1. Whether the items and specifications are accurate;

2. If the number of goods (the number of HS 10 units) is appropriate.

3. Original condition, manufacturing and processing;

4. Whether the supplier is actually investigating;

5. Whether accurate descriptions are made by weight and by weight.

Article 5-1-6 (Electronic Registration of Details of Issuance, Issuance of Certificates, and Notification of Notice on Refund of Customs Duties, etc. on Raw Materials for Export)

(1) With respect to a case, the examination (inspection) of which has been completed pursuant to Articles 5-1-3 through 5-1-4, the date of confirmation, etc. shall be recorded electronically and the applicant shall be notified electronically.

(2) Where an applicant makes a request, a certificate of entry may be notified to the transferee in electronic form.
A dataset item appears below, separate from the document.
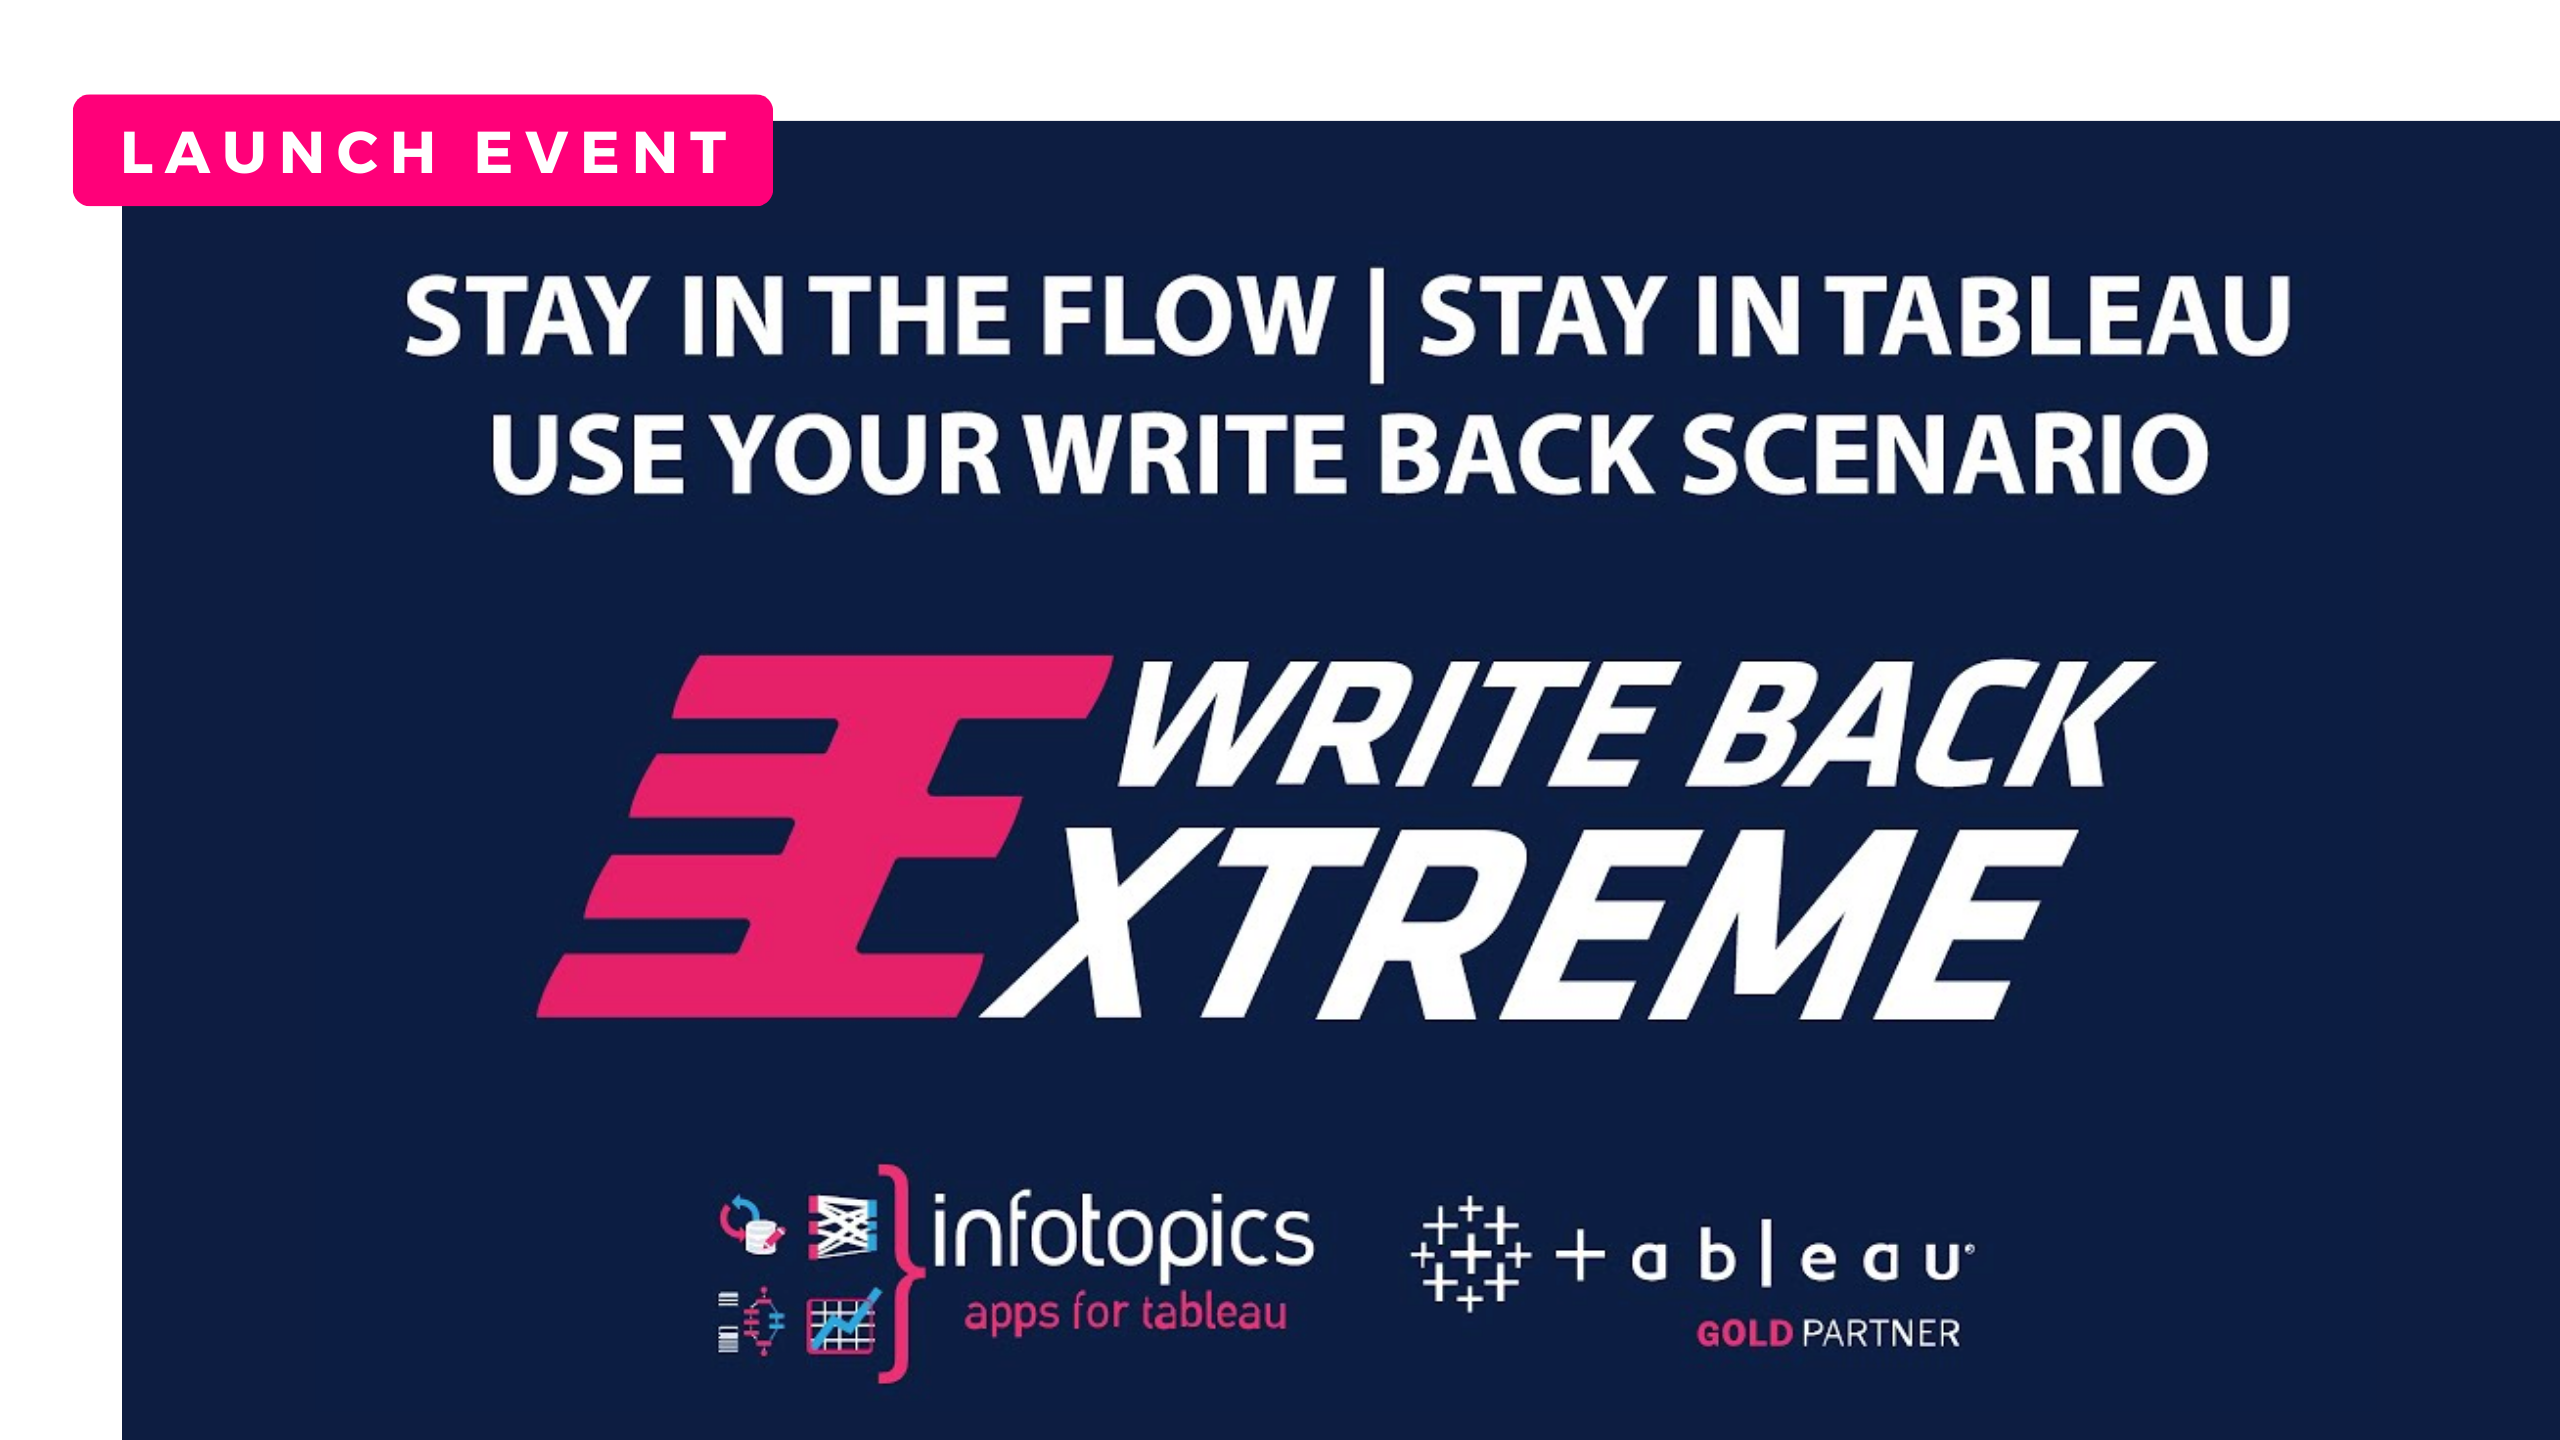 Launch event WriteBackExtreme

In such cases, the transferor shall notify the head of the competent customs office of the notice of a certificate of electronic document transmission business (attached Form 4-6) before the application, and the head of the customs office so notified shall register the certificate in the

(3) An applicant for verification of entry shall issue a certificate of entry with the following confirmation affixed thereon after checking whether the case subject to the immediately issuance of the examination conforms with the details of confirmation notified by the customs refund system after being notified of the details of confirmation:

(4) The head of a customs office shall, upon completion of an examination of a case involving the submission of documents, issue a written confirmation with a seal (attached Table 4) affixed by a customs officer stated in the written confirmation application.

(5) When a person provided with export items subject to refund to a bonded area, etc. finds any fact different from the details of the confirmation, he/she shall immediately report such fact to the head of the relevant customs office that issued the relevant confirmation

(6) When the head of a customs office brings in oil for use and consumption in a bonded factory, he/she may issue a written confirmation of carrying in of goods when the quantity subject to confirmation is determined, excluding the quantity required after the completion of test run.

(7) An applicant shall arrange and keep relevant documents, such as transaction documents and a receipt of goods, related to the issuance of a carry-in certificate, in accordance with the provisions of Article 8-0-4.